- Records shown:
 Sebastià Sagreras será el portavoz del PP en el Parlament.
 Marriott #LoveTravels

* * *

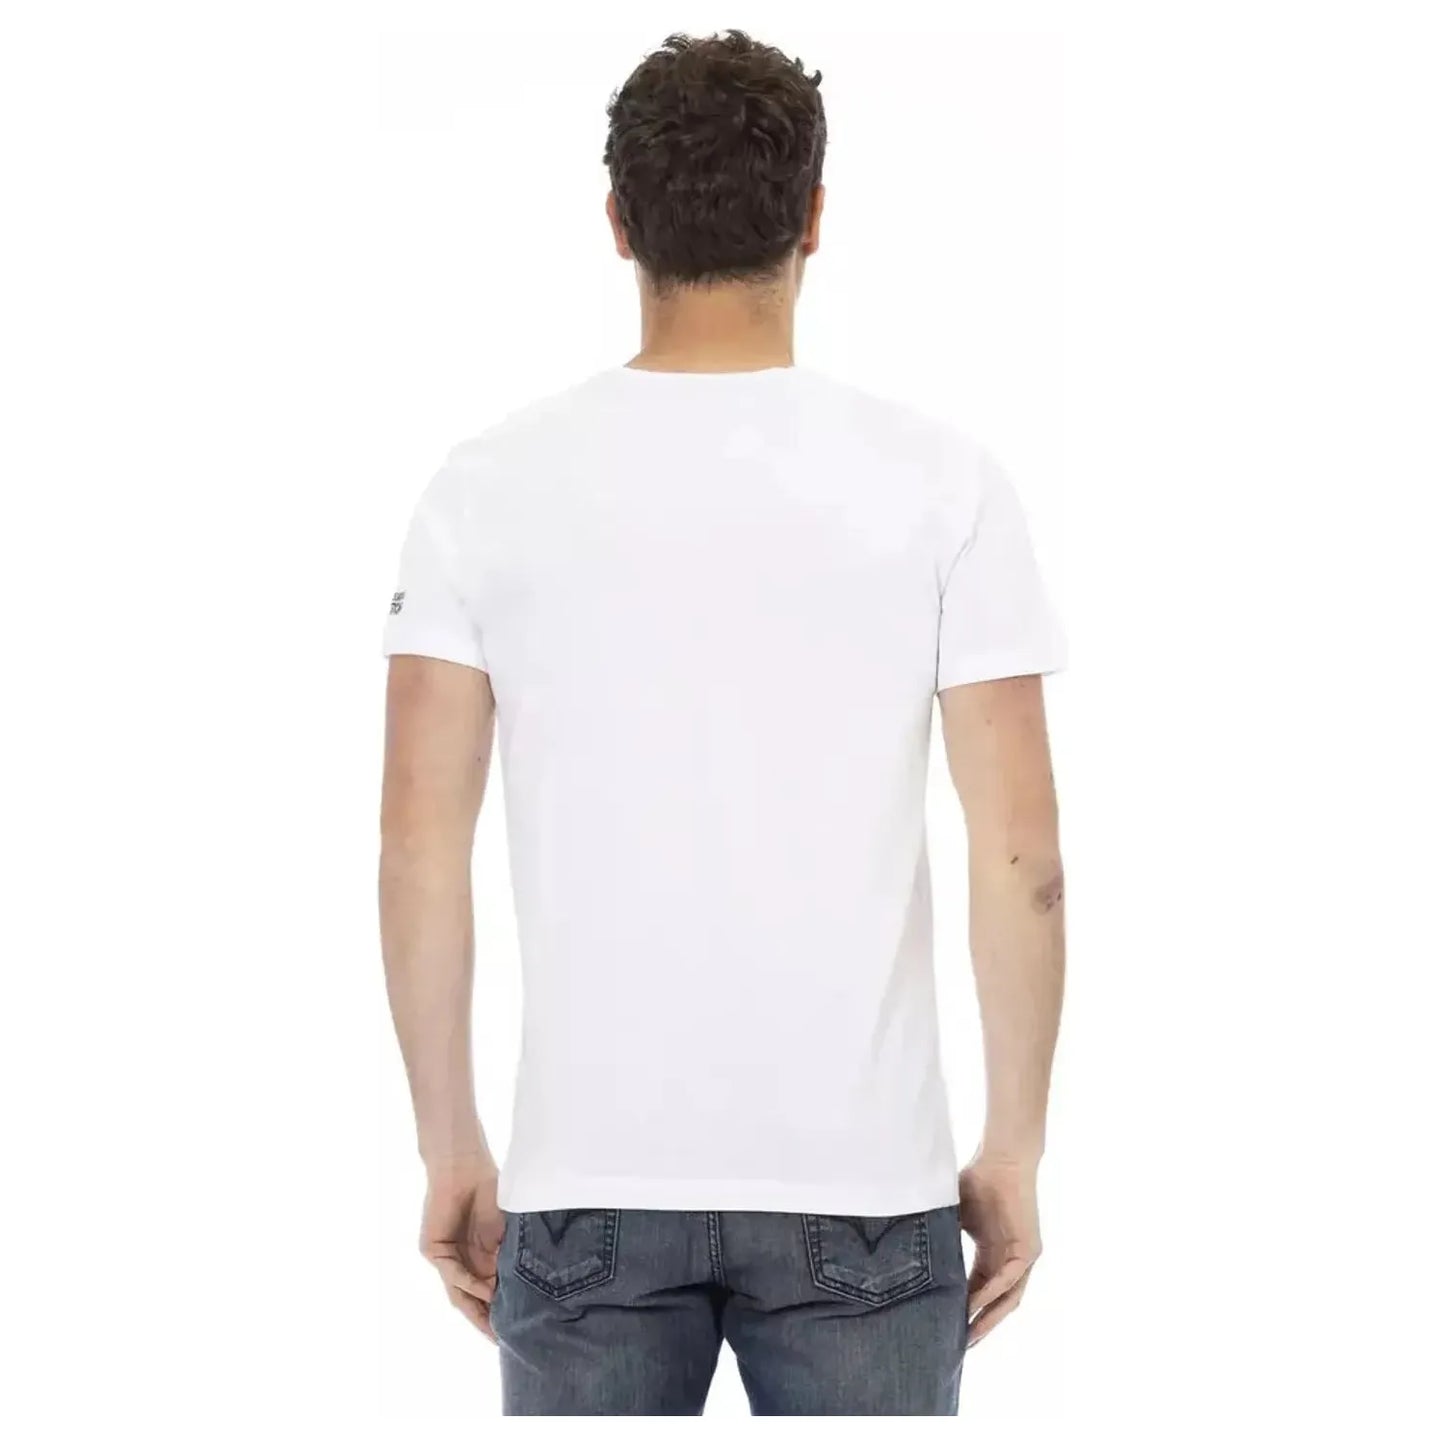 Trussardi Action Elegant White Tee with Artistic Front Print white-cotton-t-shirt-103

...

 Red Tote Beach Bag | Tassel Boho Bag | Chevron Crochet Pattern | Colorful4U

- Your task: From the records above, give again exactly the lines running from the line with "Sebastià Sagreras será" to the line with "Marriott #LoveTravels", inclusive.

- Result of this exercise:
 Sebastià Sagreras será el portavoz del PP en el Parlament.
 Marriott #LoveTravels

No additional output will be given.